In the end, we may never know if the poverty of the stimulus argument is right or not – not, at least, until computer models of neural networks are demonstrably able to learn a language without being syntactically preprogrammed to do so. As Daniel Everett (2012: 101) writes, ‘No one has proven that the poverty of the stimulus argument, or Plato’s Problem, is wrong. But nor has anyone shown that it is correct either. The task is daunting if anyone ever takes it up. One would have to show that language cannot be learned from available data. No one has done this. But until someone does, talk of a universal grammar or language instinct is no more than speculation.’
References
Bergen, B.K.(2012) Louder than words: The new science of how the mind makes meaning. New York: Basic Books.
Boyd, J.K., Gottschalk, E.A., & Goldberg, A.E. (2009) ‘Linking rule acquisition in novel phrasal constructions.’ In Ellis, N.C. & Larsen-Freeman, D. (eds) Language as a complex adaptive system. Chichester: John Wiley & Sons.
Cameron-Faulkner, T., Lieven, E. & Tomasello, M. (2003) ‘A construction based analysis of child directed speech.’ Cognitive Science 27/6.
Chomsky, N. (1980) various contributions to the Royaumont Symposium, Piatelli-Palmarini (ed.) Language and Learning: The debate between Jean Piajet and Noam Chomsky.
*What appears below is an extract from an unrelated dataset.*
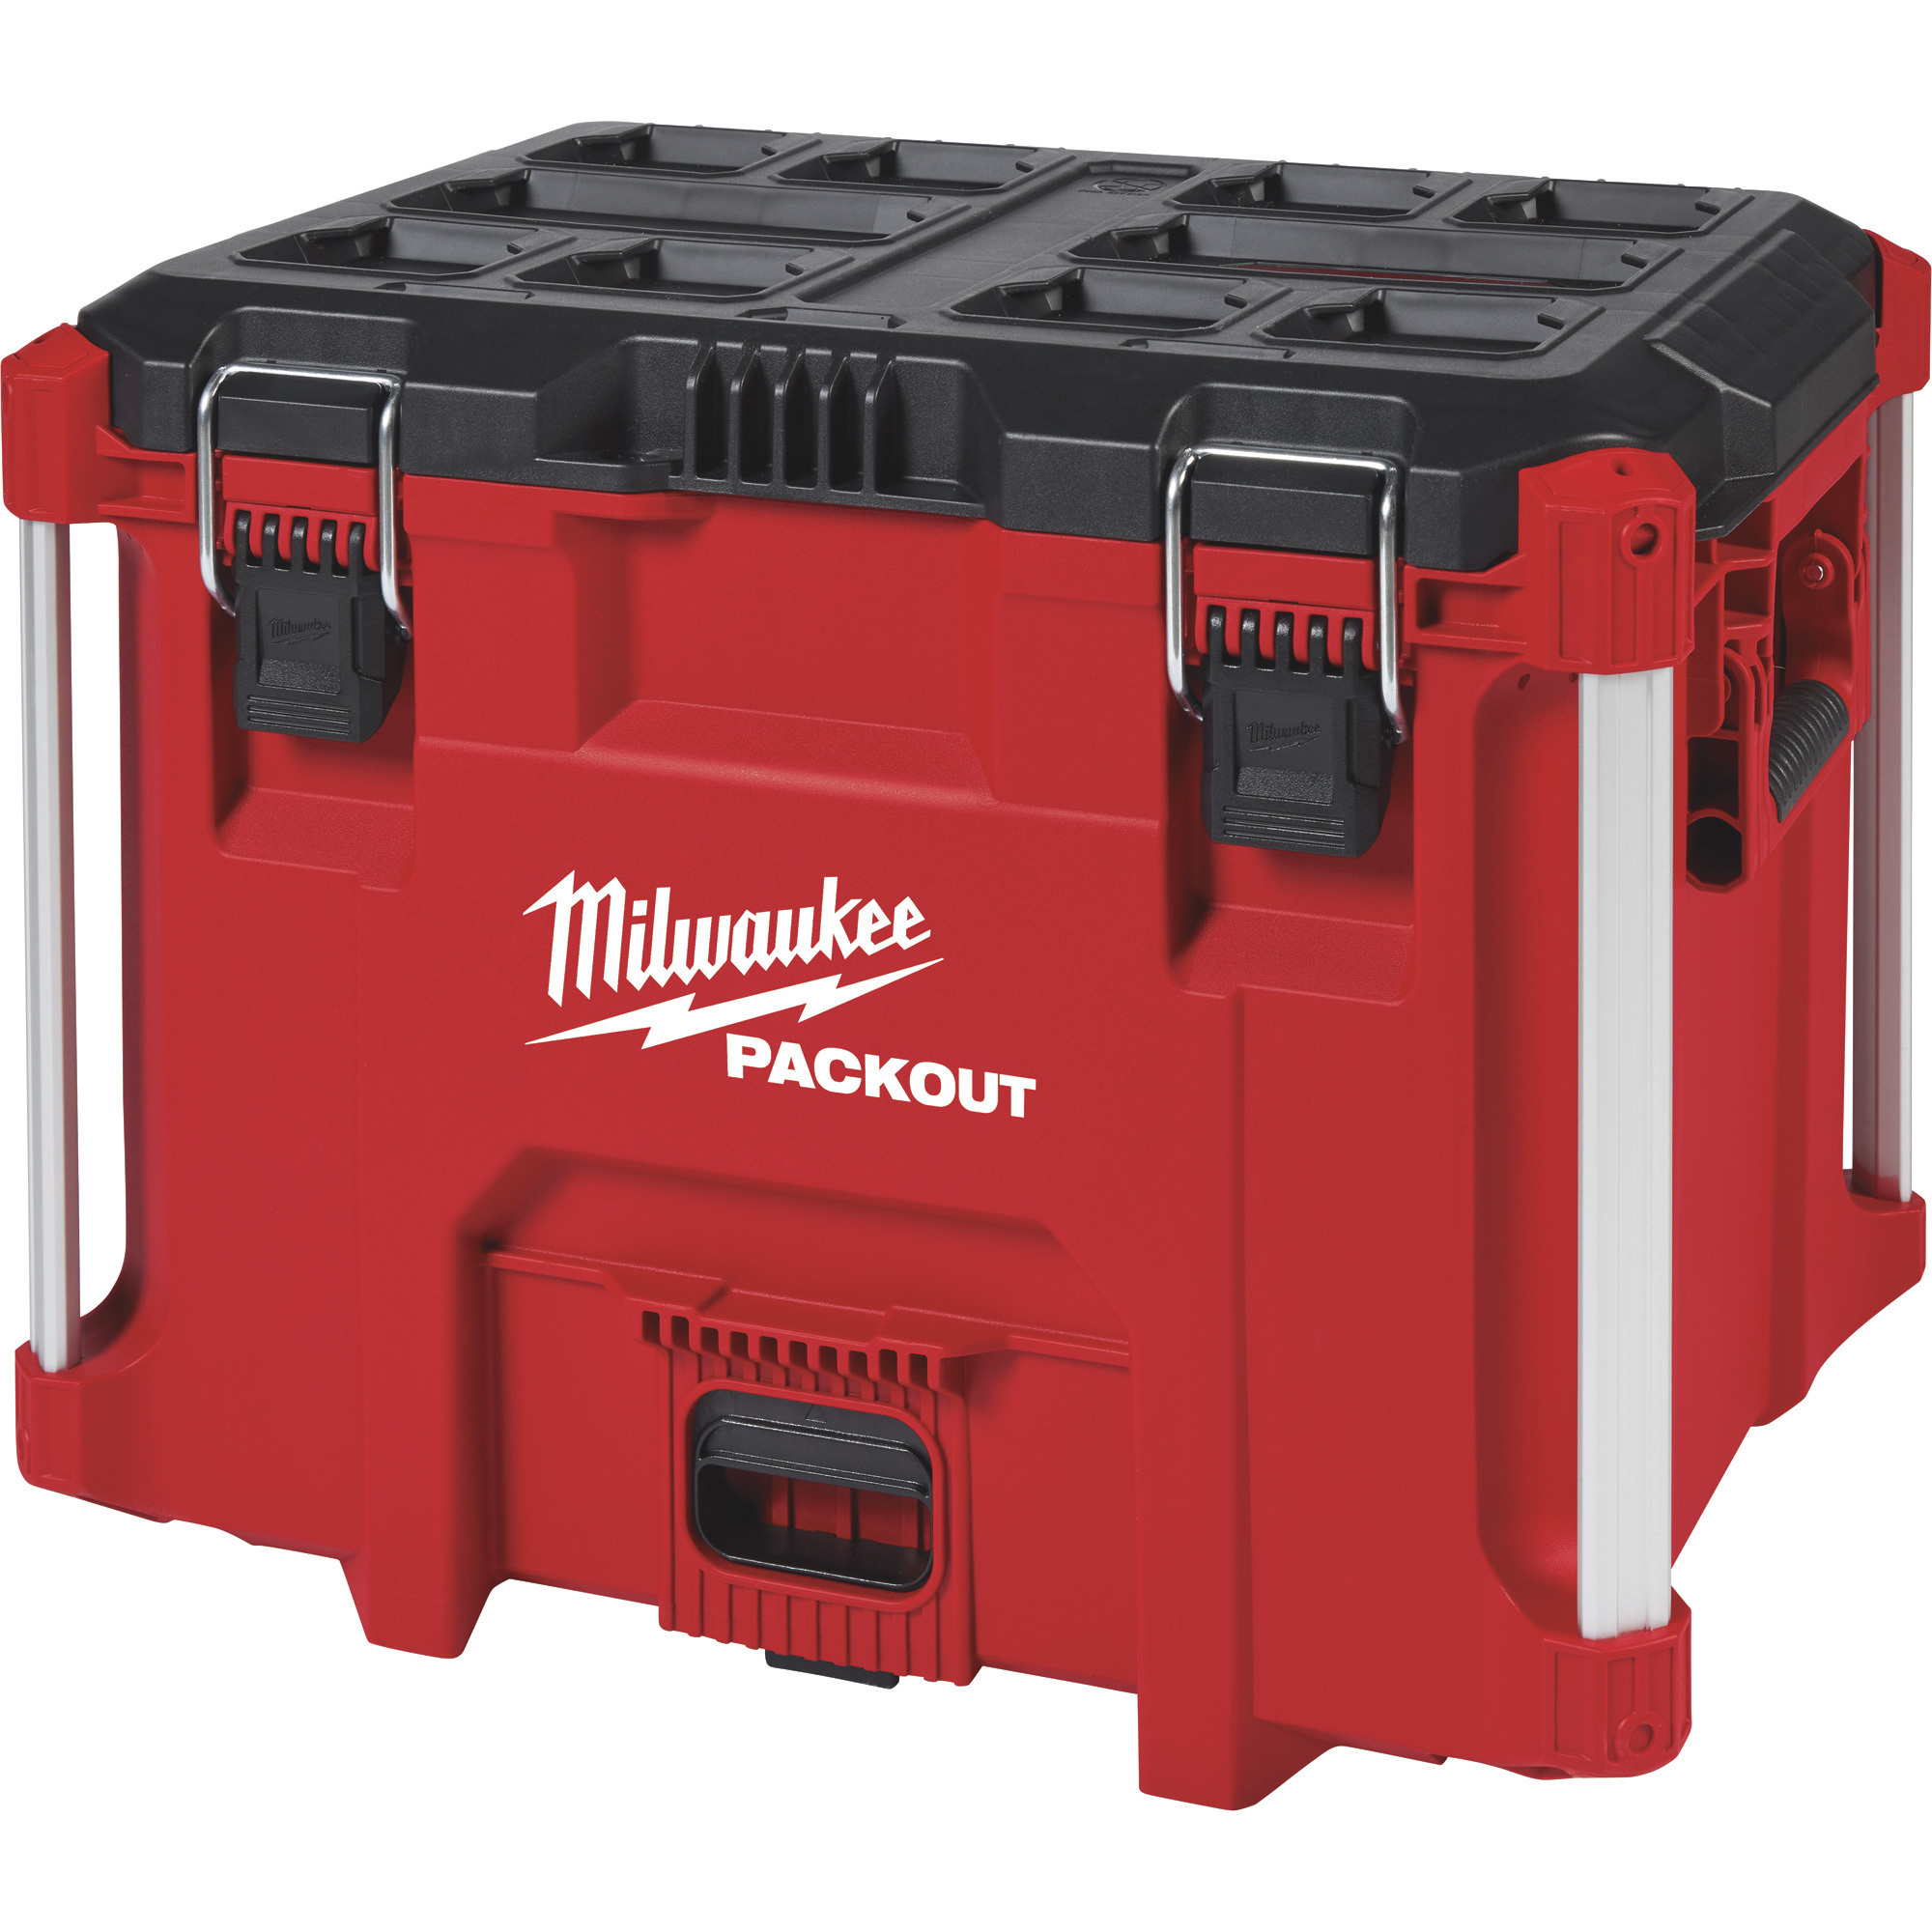 Milwaukee Packout X-Large Tool Box, 16 1/4Inch L x 22Inch W x 17Inch H, Model 48-22-8429

London: Routledge & Kegan Paul.
Evans, V. (2014) The Language Myth: Why language is not an instinct. Cambridge: Cambridge University Press.
Everett, D. (2012) Language: The cultural tool. London: Profile Books.
Harris, R.A. (1993) The Linguistics Wars. New York: Oxford University Press.
Macaulay, K.S. (2011) Seven Ways of Looking at Language. Houndmills: Palgrave Macmillan.
Pullum, G.K. & Scholz, B.C. (2002) ‘Empirical assessment of stimulus poverty arguments.’ Linguistic Review, 19.
Sampson, G. (2005) The Language Instinct Debate (Revised edition). London: Continuum.
Scheffler, P. (2015) ‘Lexical priming and explicit grammar in foreign language instruction.’ ELT Journal, 69/1.
PS: There will be no more new posts until the end of summer and things calm down again.